**What needs to be done**
The answer must reproduce all of the data below exactly and contain no images.

**Source material**
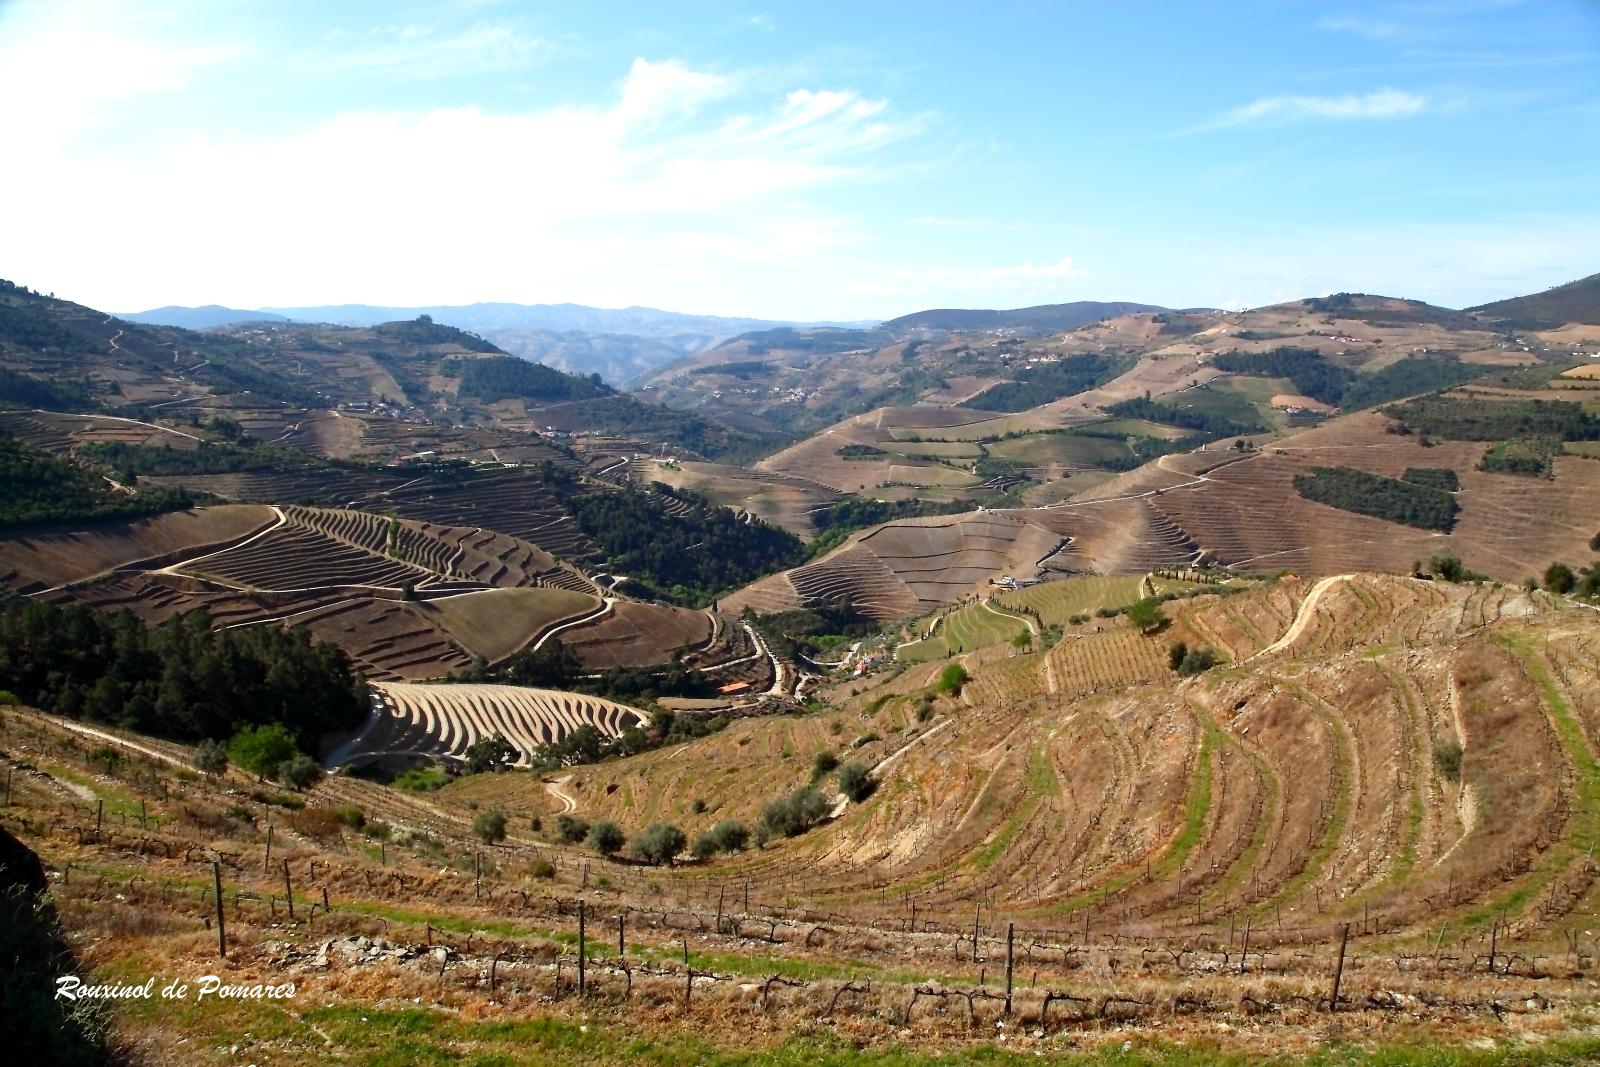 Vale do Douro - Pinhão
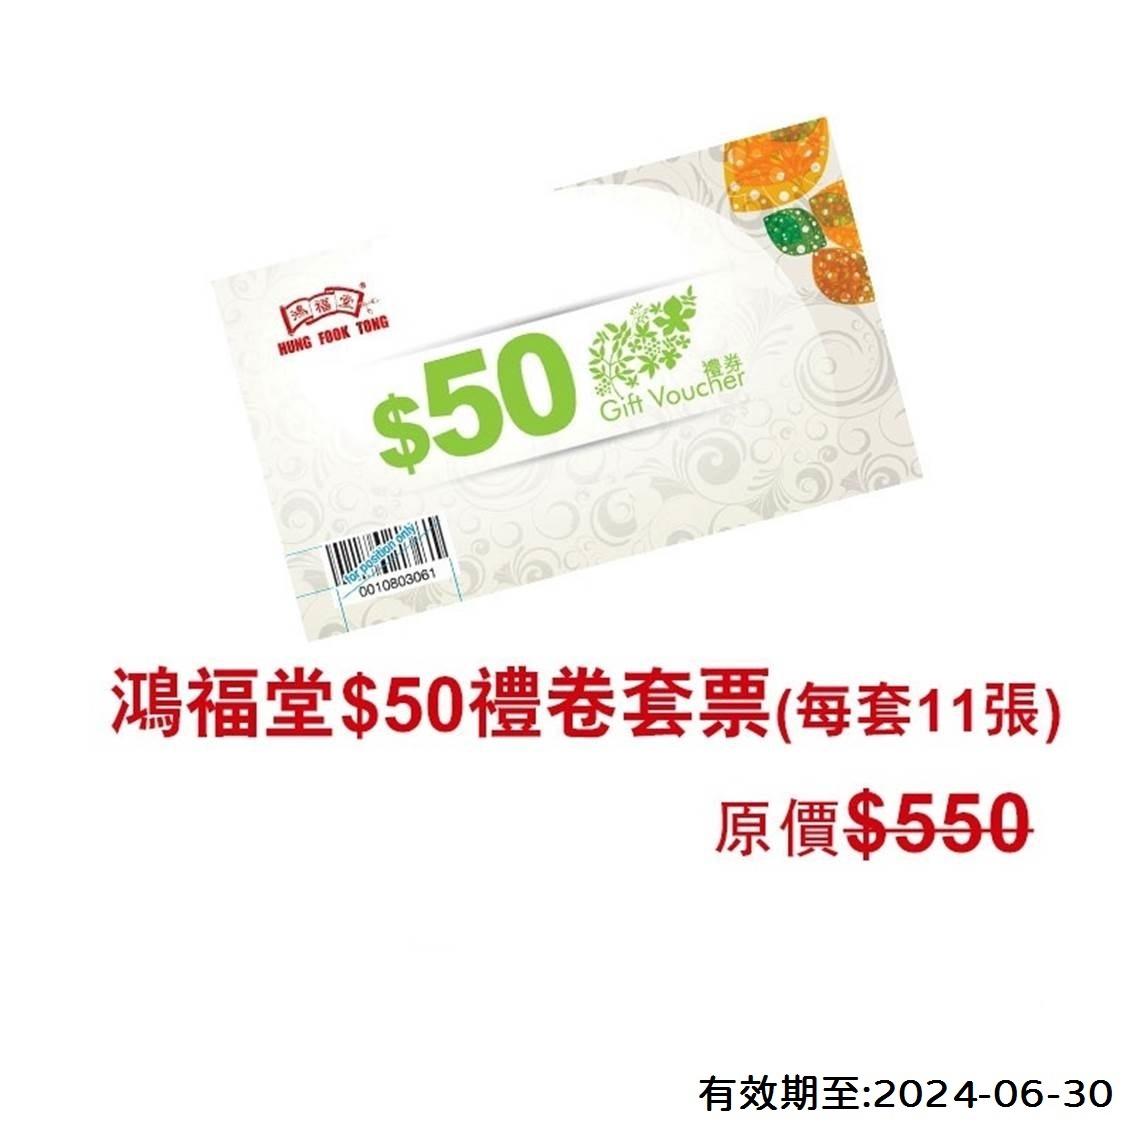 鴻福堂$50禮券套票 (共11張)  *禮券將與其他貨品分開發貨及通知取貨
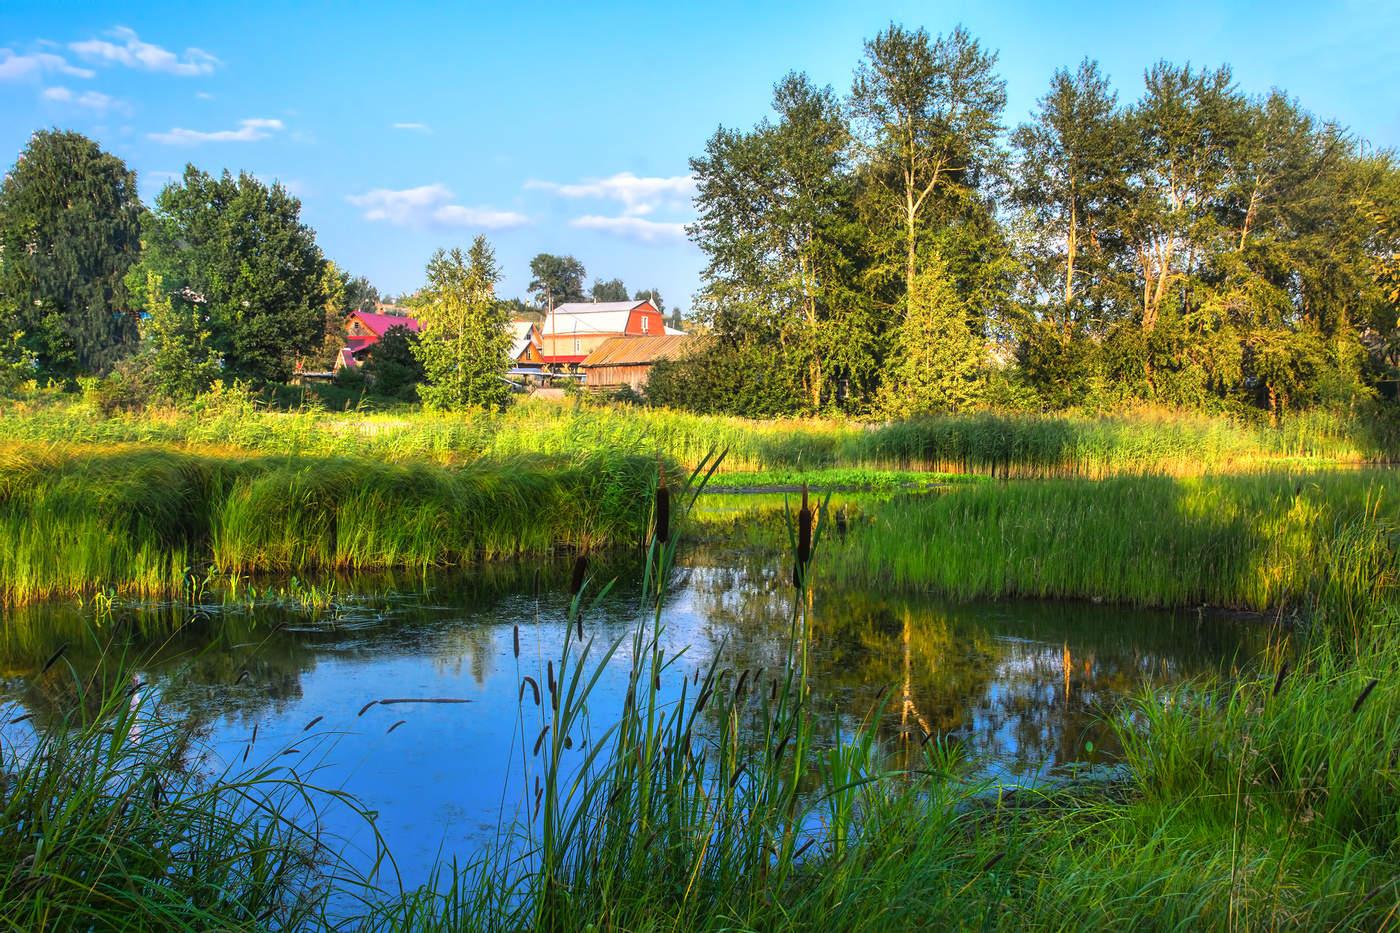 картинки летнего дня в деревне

**Response to the exercise**
 Vale do Douro - Pinhão
 鴻福堂$50禮券套票 (共11張)  *禮券將與其他貨品分開發貨及通知取貨
 картинки летнего дня в деревне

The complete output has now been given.